[Source data]
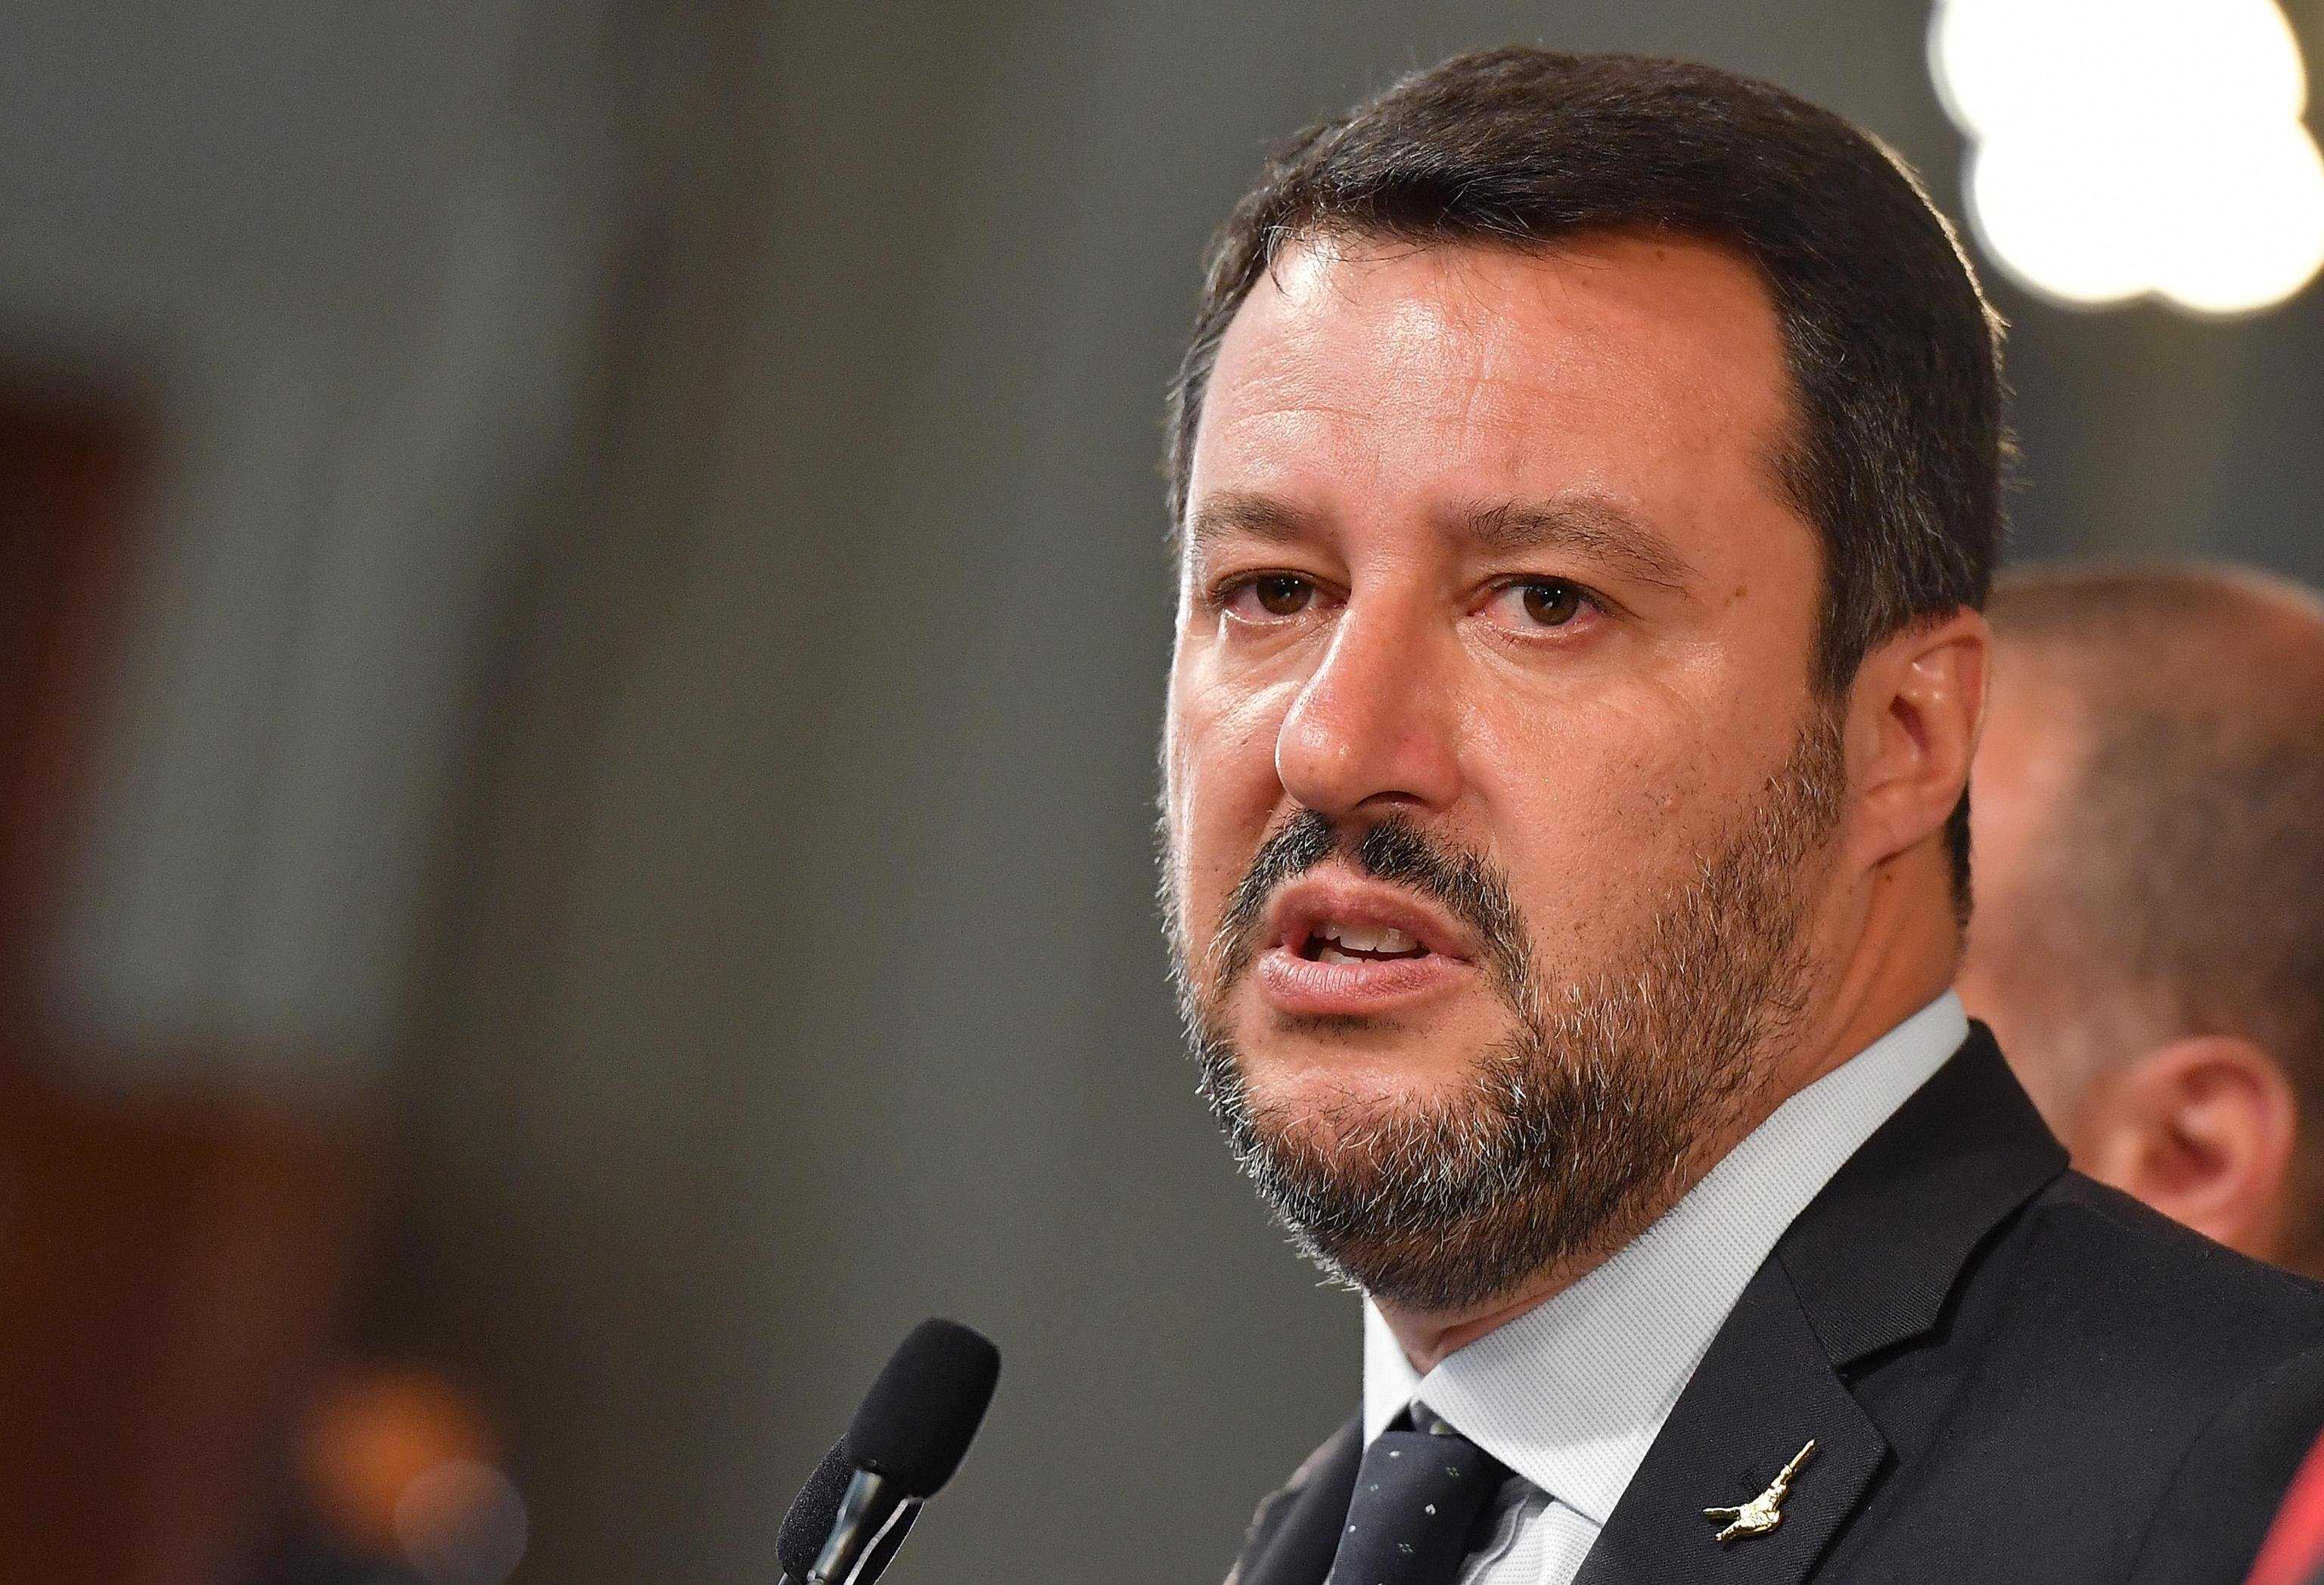 Caso Gregoretti. Senato, si' a processo per Salvini (Video intervento Salvini)
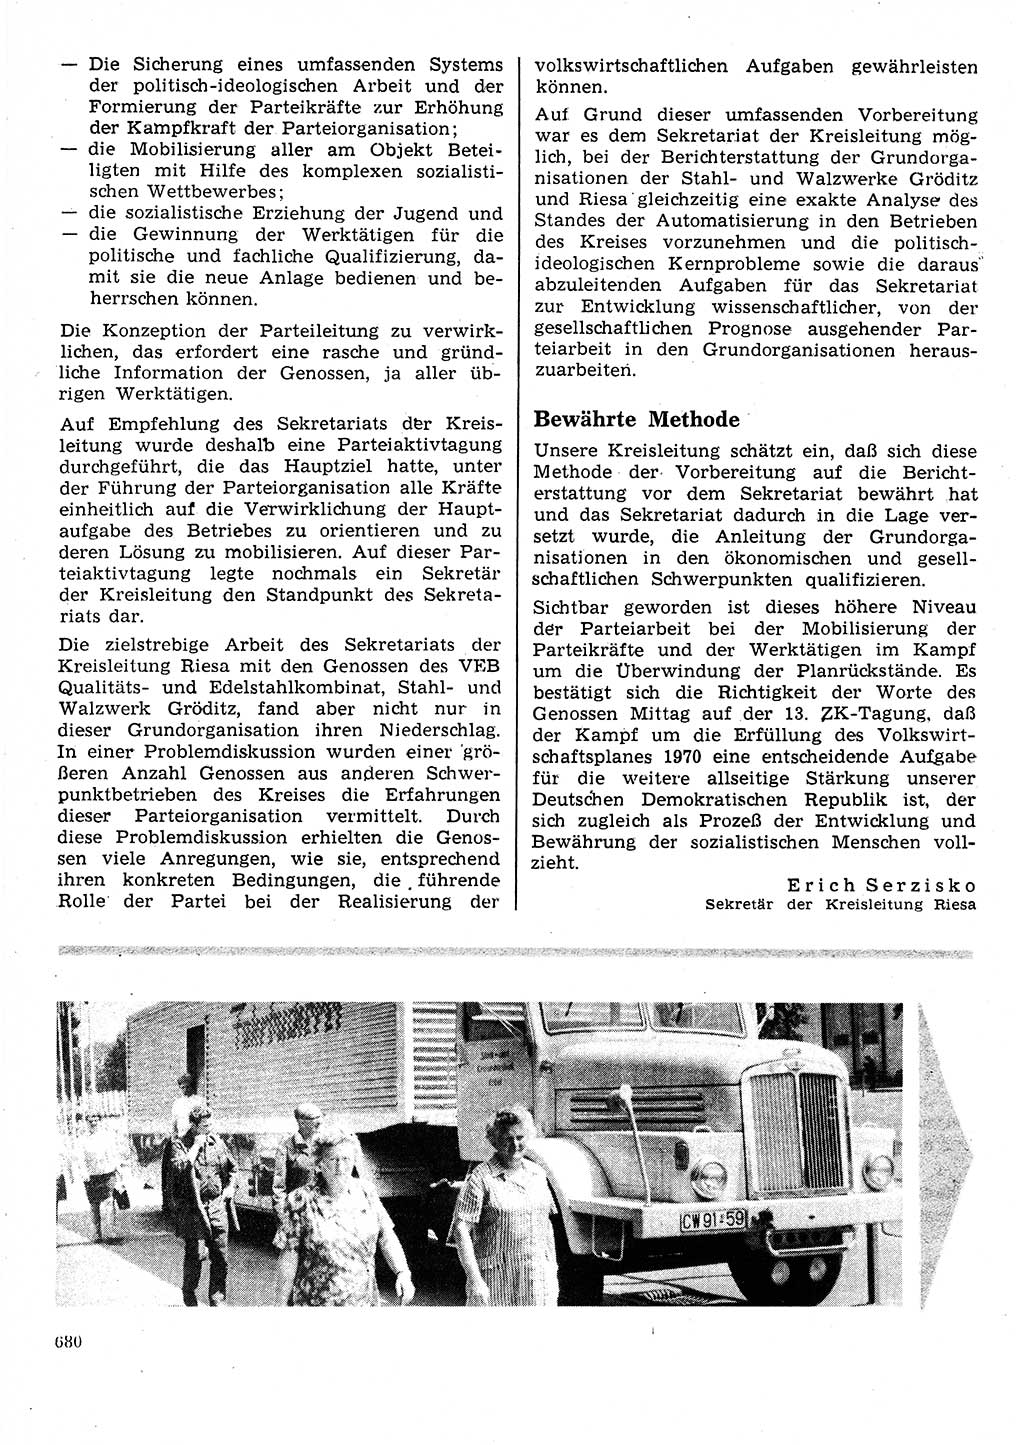 Neuer Weg (NW), Organ des Zentralkomitees (ZK) der SED (Sozialistische Einheitspartei Deutschlands) für Fragen des Parteilebens, 25. Jahrgang [Deutsche Demokratische Republik (DDR)] 1970, Seite 680 (NW ZK SED DDR 1970, S. 680)
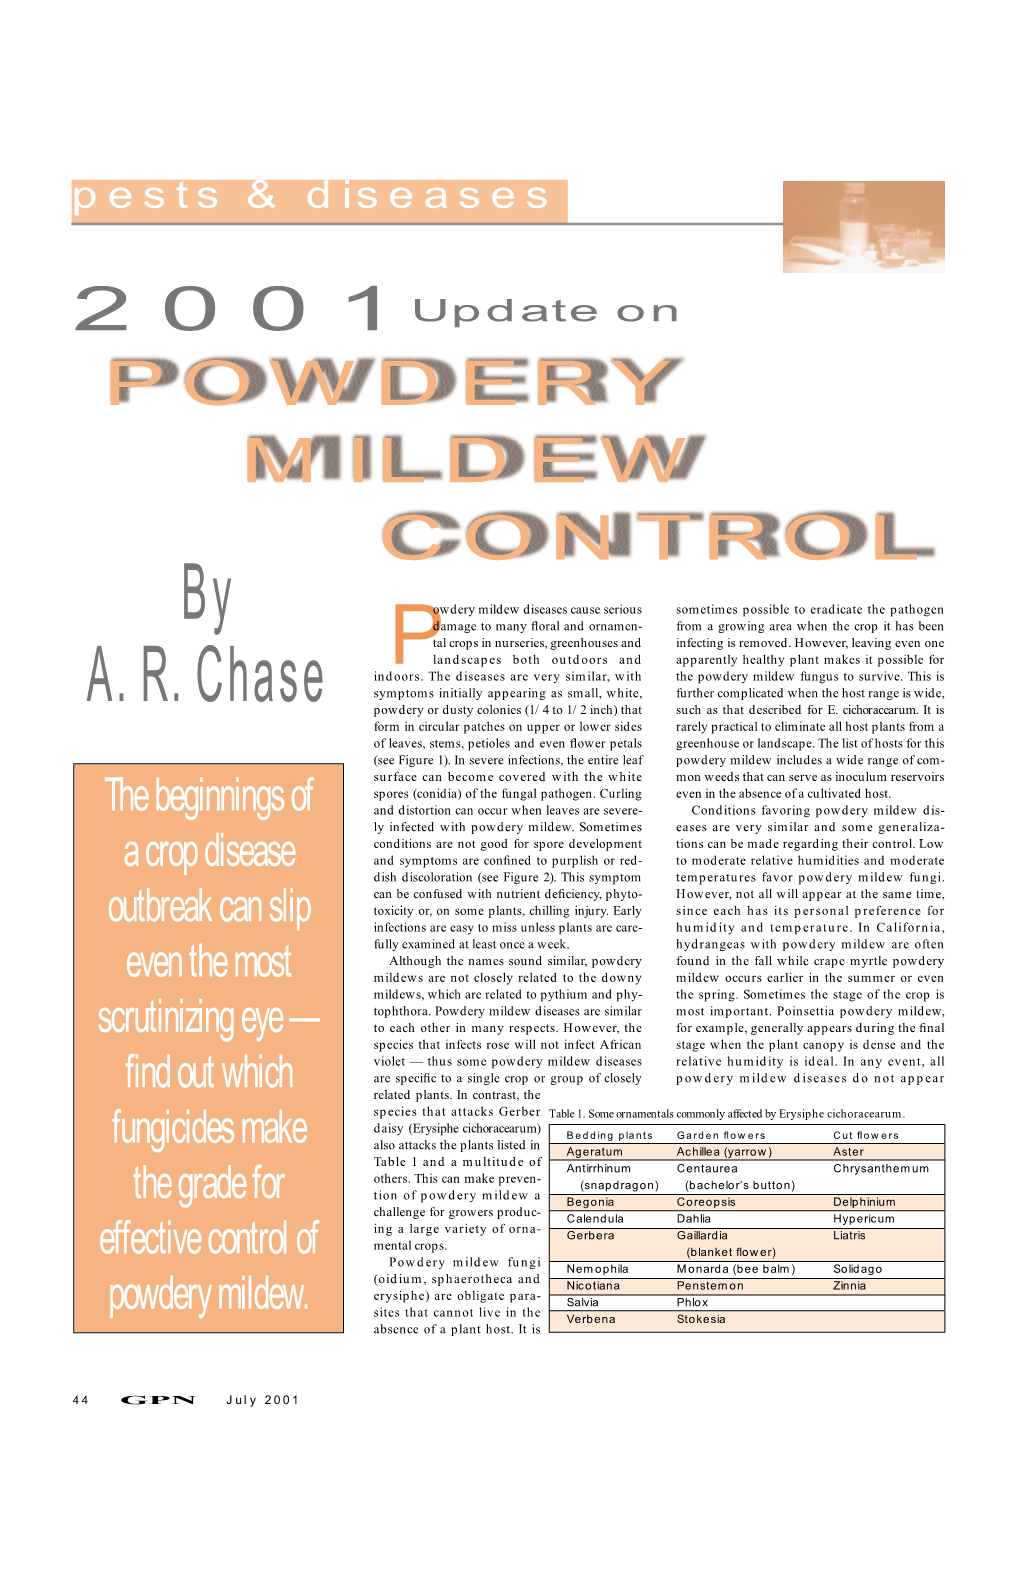 Powdery Mildew Control
[/Source data]
> **What is required**: Reproduce everything above exactly, images excluded.

> **Response box**:
 Caso Gregoretti. Senato, si' a processo per Salvini (Video intervento Salvini)
 Neuer Weg (NW), Organ des Zentralkomitees (ZK) der SED (Sozialistische Einheitspartei Deutschlands) für Fragen des Parteilebens, 25. Jahrgang [Deutsche Demokratische Republik (DDR)] 1970, Seite 680 (NW ZK SED DDR 1970, S. 680)
 Powdery Mildew Control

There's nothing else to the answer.